The stronghold of the Puritanism was waning in New England before the end of the 18th century. The number of un-churched colonists had been large. There was also a steady rise in the people’s standard of the living. The Great Awakening’, however, was a itself a reaction of what was rightly felt to be dominant trend. The growing tendency of the colonists was to accept the ideas of Enlightenment. The ideas emphasized the influences of reason and commonsense and also imperatives of self-help, personal and social progress. The new generation of immigrants was very eager to improve their lot in a new land. For vast majority who never heard of Enlightenment, the gospel of reason was commonsense. Profit and progress became the part of the American way. These two writers of this period are - William Byrd of Westover and Sarah Kemble Knight. They suggested secular tendencies in their travel accounts.

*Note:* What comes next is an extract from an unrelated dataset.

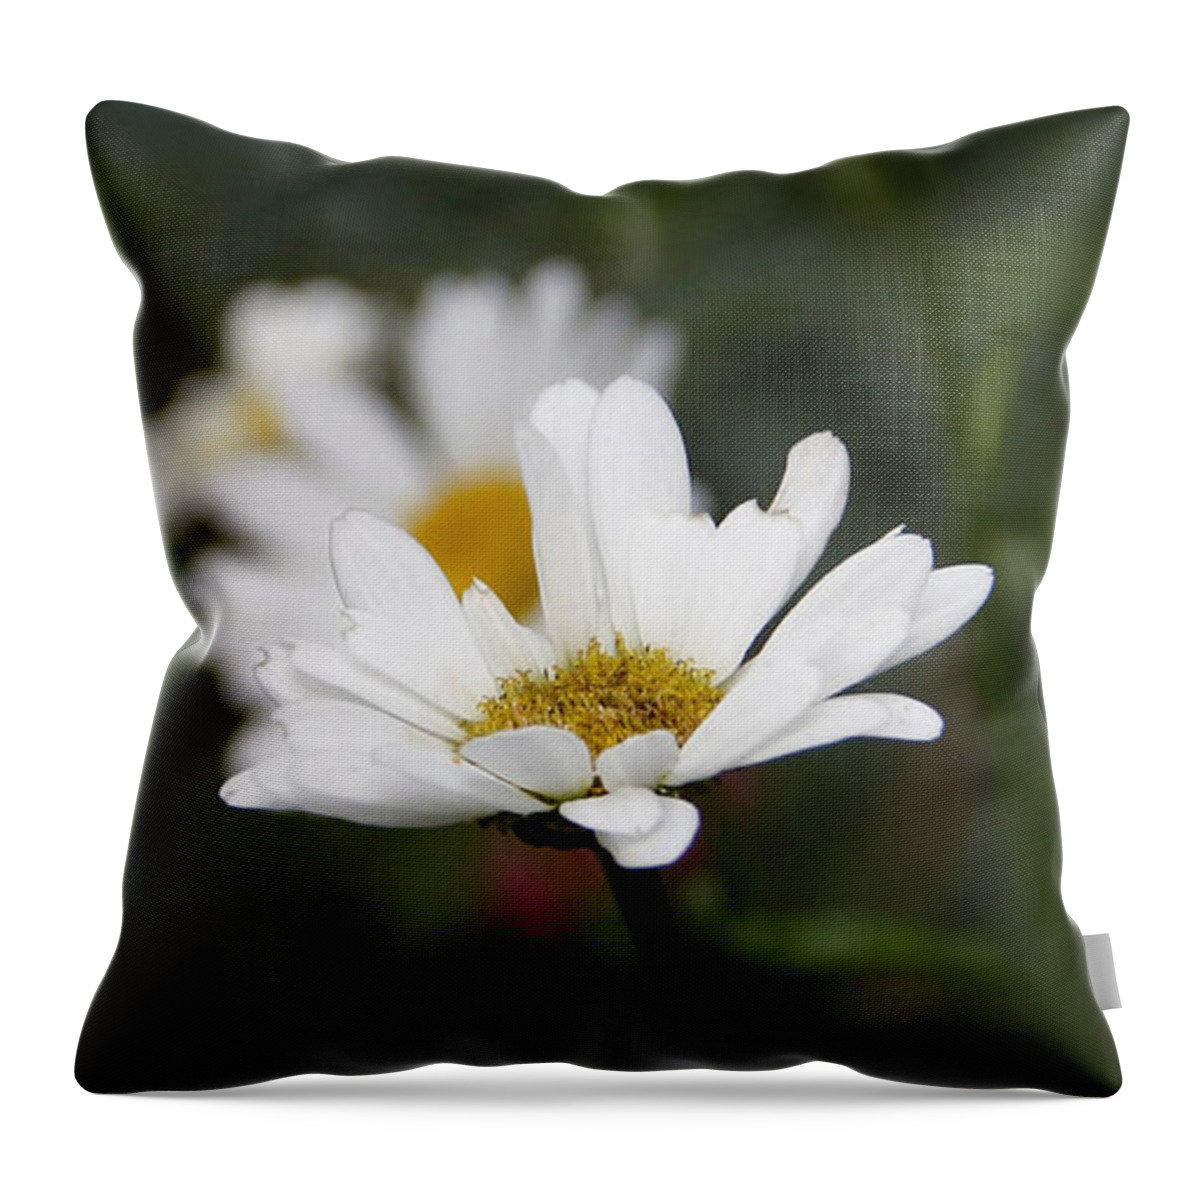 Daisies Throw Pillow featuring the photograph Smiling Daisies by Yvonne Wright

Before the revolution, there was early literature in the South which was also secular and aristocratic in its nature. It reflected the ethos of the dominant social and economic systems of the southern plantations. Because of economic opportunities, not because of religious freedom, the English immigrants were drawn to these colonies. The southerners are poor fanners or trading people living not much better than their slaves. The southern literature of the upper class was shaped by the classical old world ideal of a noble, the landed gentry made possible by the slavery. The institution released wealthy southern whites from manual labor, afforded them leisure and the made the dream of aristocratic life in the American wilderness. The puritan’s emphasis is on the hard work, education and earnestness. Instead of that, we hear of such age old pleasures as horseback riding and hunting etc,. The church was the focus of the genteel social life, not a forum for fighting over the religious ideas.
Sarah Kemble Knight (1666-1727) and William Byrd of the Westover (1774-1744), in their poetry, suggested increasingly secular tendencies of this period. Both Knight and Byrd wrote accounts of their journeys through the parts of America and tend to concentrate on the social issues, the curious people and manners they encountered along the way.